Flores G, Abreu M, Olivar MA, Kastner B. Access Barriers to health Care for Latino Children. Archives of Pediatrics and Adolescent Medicine 1998:152:1119-1125. MEDLINE

 

 

 

 

Sean O. Henderson, M.D.

Patterns of Cardiovascular Morbidity and Mortality among African Americans and Latinos.

Friday, April 12

Racism is not solely a psychological phenomenon but rather is described as underpinning a whole variety of factors related to health care. These include differences in socioeconomic position, health related behavior, the experience of medical care, and the ability to take action to maintain and improve health. Given the similarity in median incomes and percentage of the population below the poverty line, Latinos would be expected to experience similar racial stresses as well as the added burden of very real language and cultural barriers to health care. The ability of African American populations to access care or their ability to afford such care have also been issues raised as contributors to their increased mortality.

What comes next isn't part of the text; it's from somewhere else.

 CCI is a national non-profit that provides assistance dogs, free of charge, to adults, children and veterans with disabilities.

Latinos share these same obstacles and, in fact, given that more dramatic language and cultural differences exist, are even slower to access care than many other minority groups. Despite the fact that both groups appear to have similar socioeconomic profiles and at least somewhat similar access to health care, the relative burden of cardiovascular disease is borne primarily by the African Americans. After adjustment for the potential risk modifiers such as age and lifestyle (e.g. smoking, body-mass index) and presence of hypertension, African Americans in Los Angeles remain with an adjusted relative risk of cardiovascular mortality higher than Latinos, an excess not immediately attributable to any known modifiers. It suggests therefore, that even though several environmental risk factors, such as obesity and cigarette smoking, are well established, hypertension results from an interaction between environmental and genetic influences.

References:

Henderson SO, Coetzee GA, Ross RK, Yu MC, Henderson BE. A Possible Association Between ACE Genotype and Elevated Mortality Rates from Circulatory Disease in African-American Men and Women of Los Angeles County, California. The American Journal of Medical Sciences 2000;320:18-23.

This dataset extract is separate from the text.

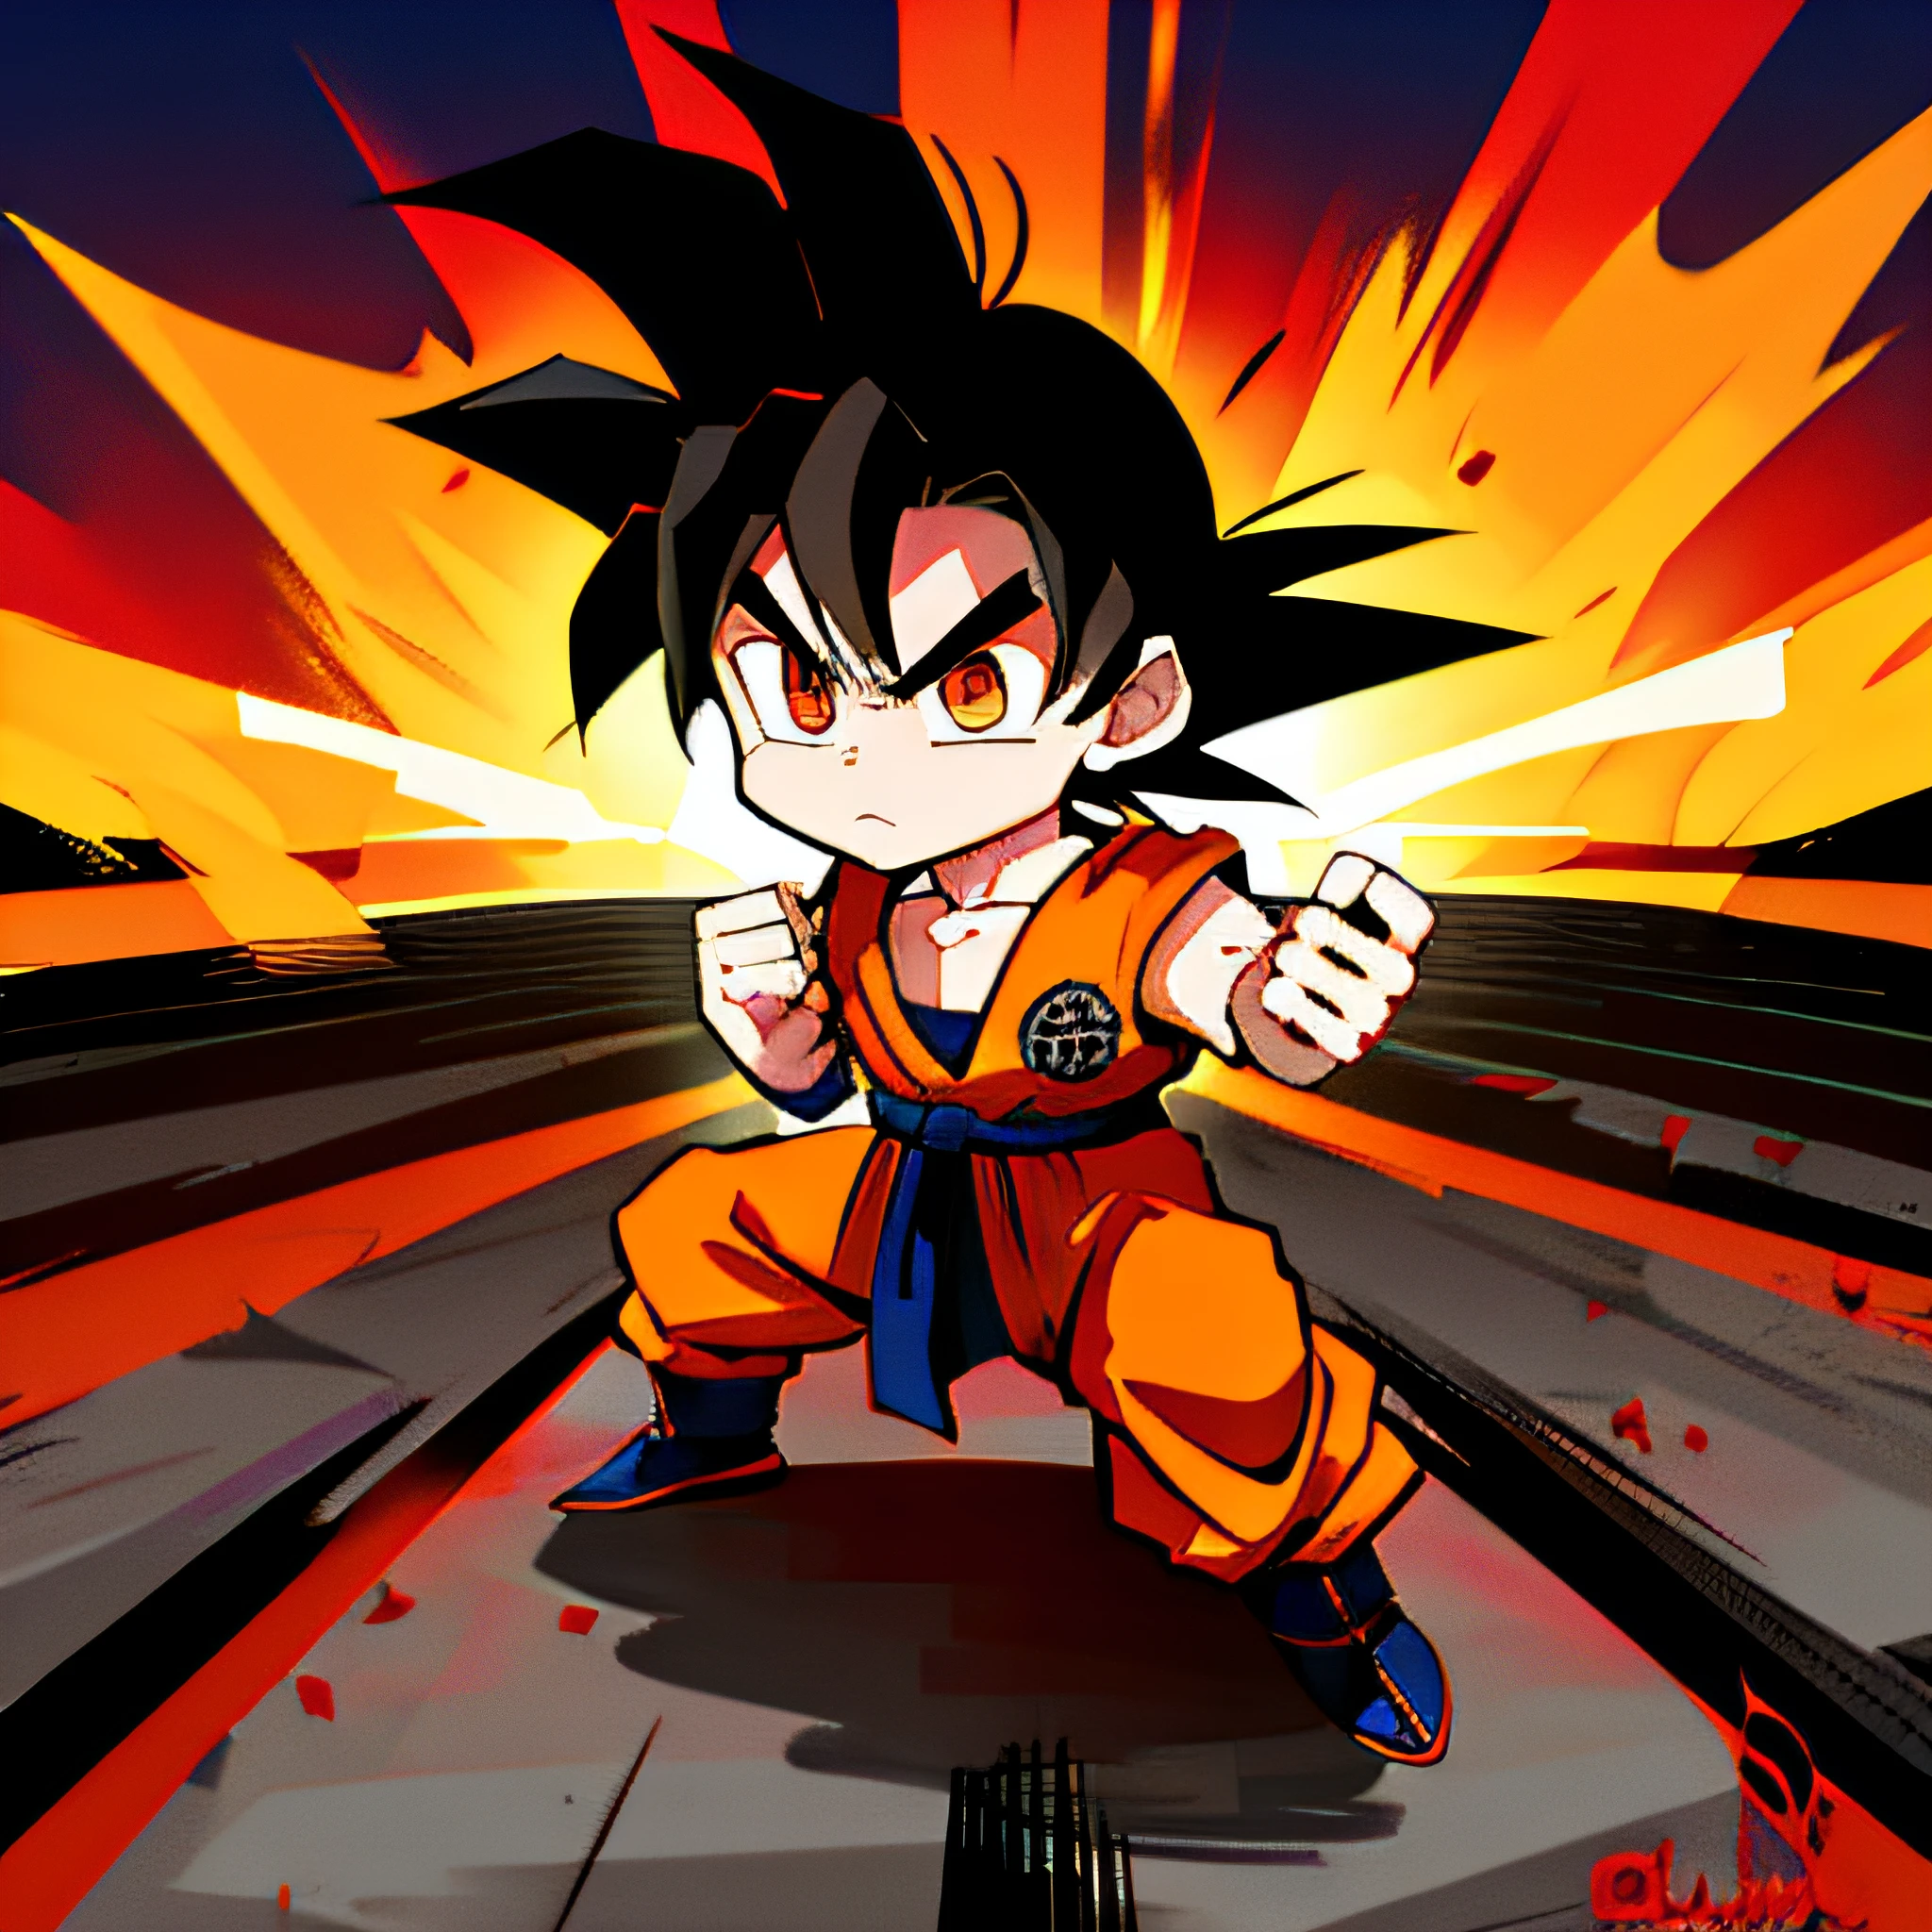 Goku chibi chara in a fighting pose, on a battlefield

Henderson SO, Magana RN, Korn CS, Genna T, Bretsky PM. Delayed Presentation for Care during Acute Myocardial Infarction in a Hispanic Population of Los Angeles County. Ethnicity and Disease 2002;12:38-44.

 

 

 

 

Robert H. Topel, Ph.D.

Economic Benefits to Society Resulting from Elimination of Health Disparities

Friday, April 12

Robert H. Topel is the Isidore Brown and Gladys J. Brown Professor in Urban and Labor Economics at the University of Chicago Graduate School of Business. He has been a member of the Chicago faculty since 1986. He received a B.A. in economics (with high honors) from the University of California at Santa Barbara in 1974 and a Ph.D. in economics from the University of California at Los Angeles in 1980.

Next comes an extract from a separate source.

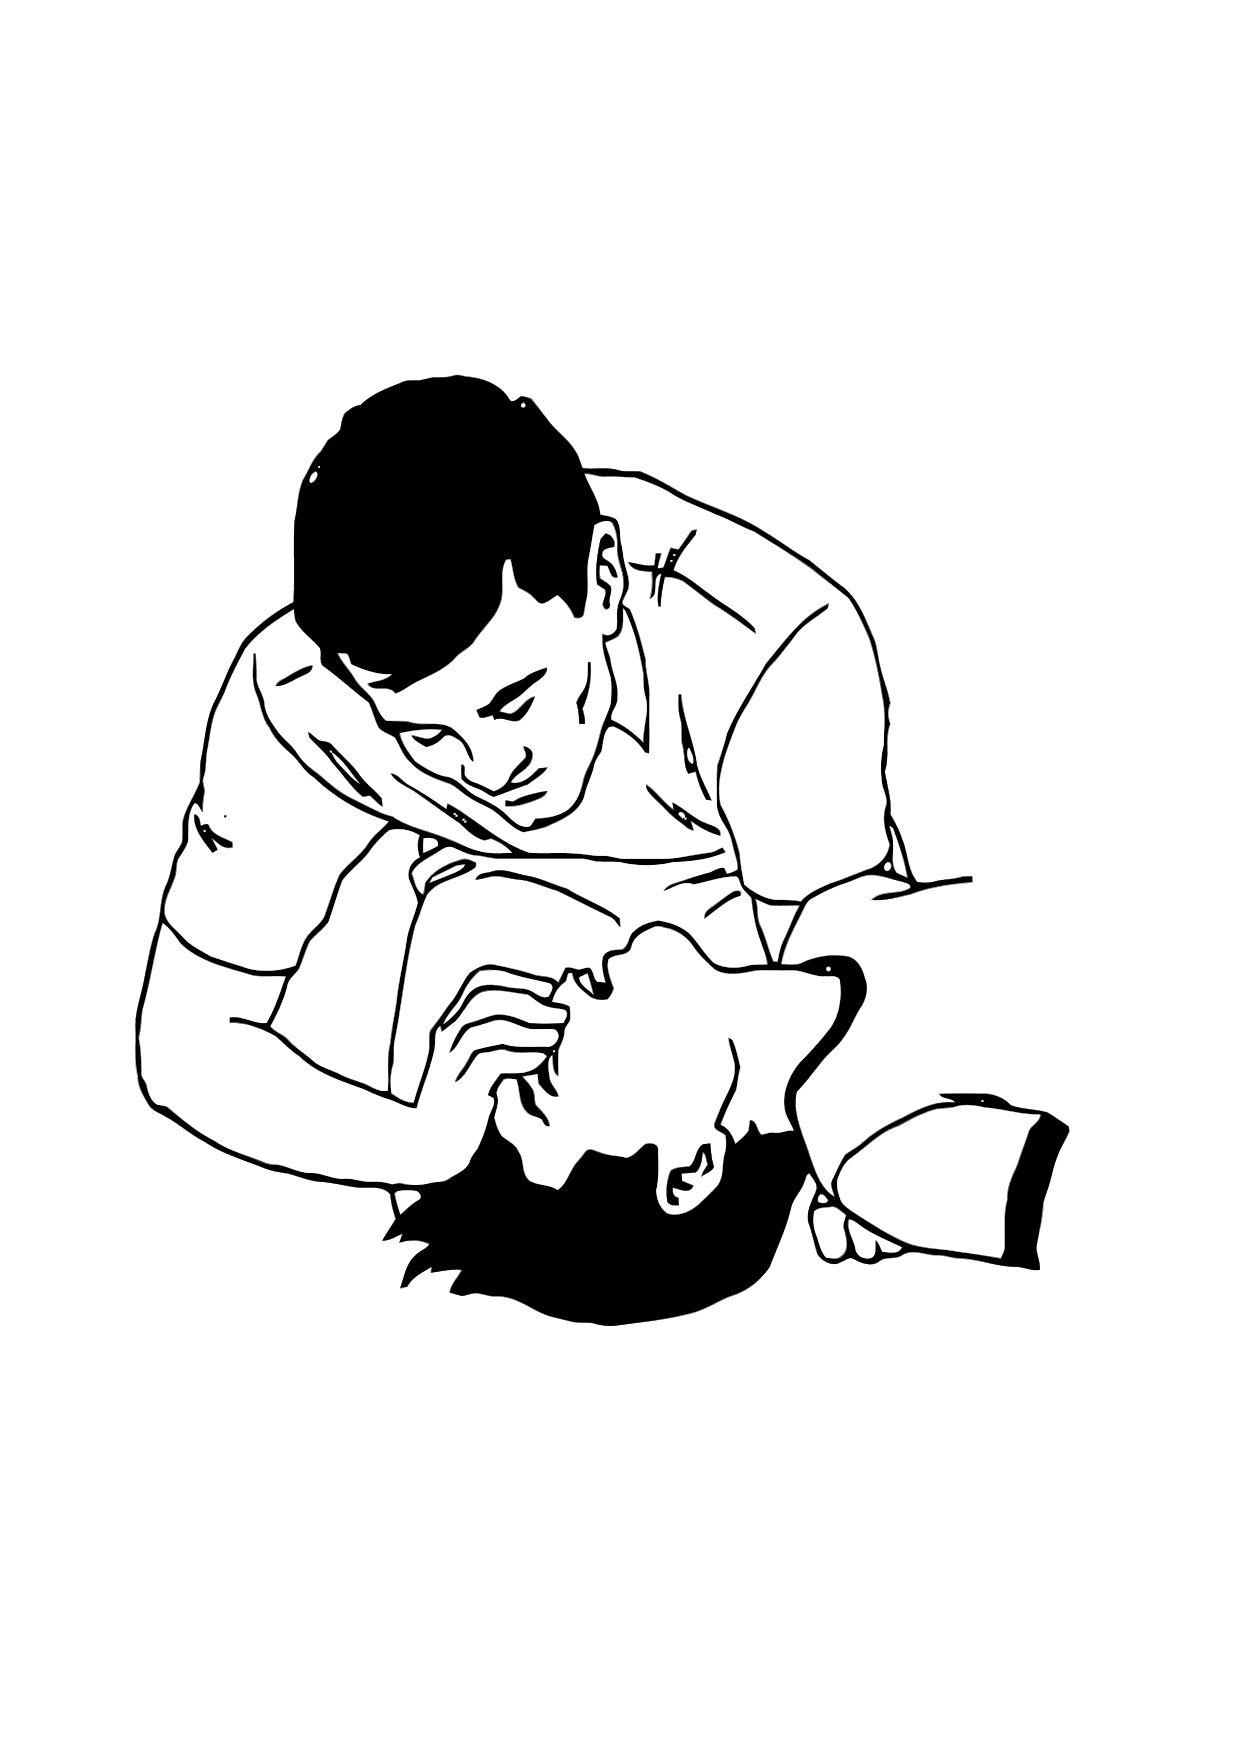 Coloring Page mouth to mouth resuscitation - free printable coloring pages

Professor Topel is the recipient of numerous awards and fellowships. Currently, he is a Faculty Research Fellow at the National Bureau of Economic Research and an Editor at the Journal of Political Economy. He is the author or co-author of some 50 published articles and other publications. His most recent research has focused on the economic value of medical research and issues in labor markets and economic growth.

Professor Topel lives in the Chicago area with his wife and two daughters.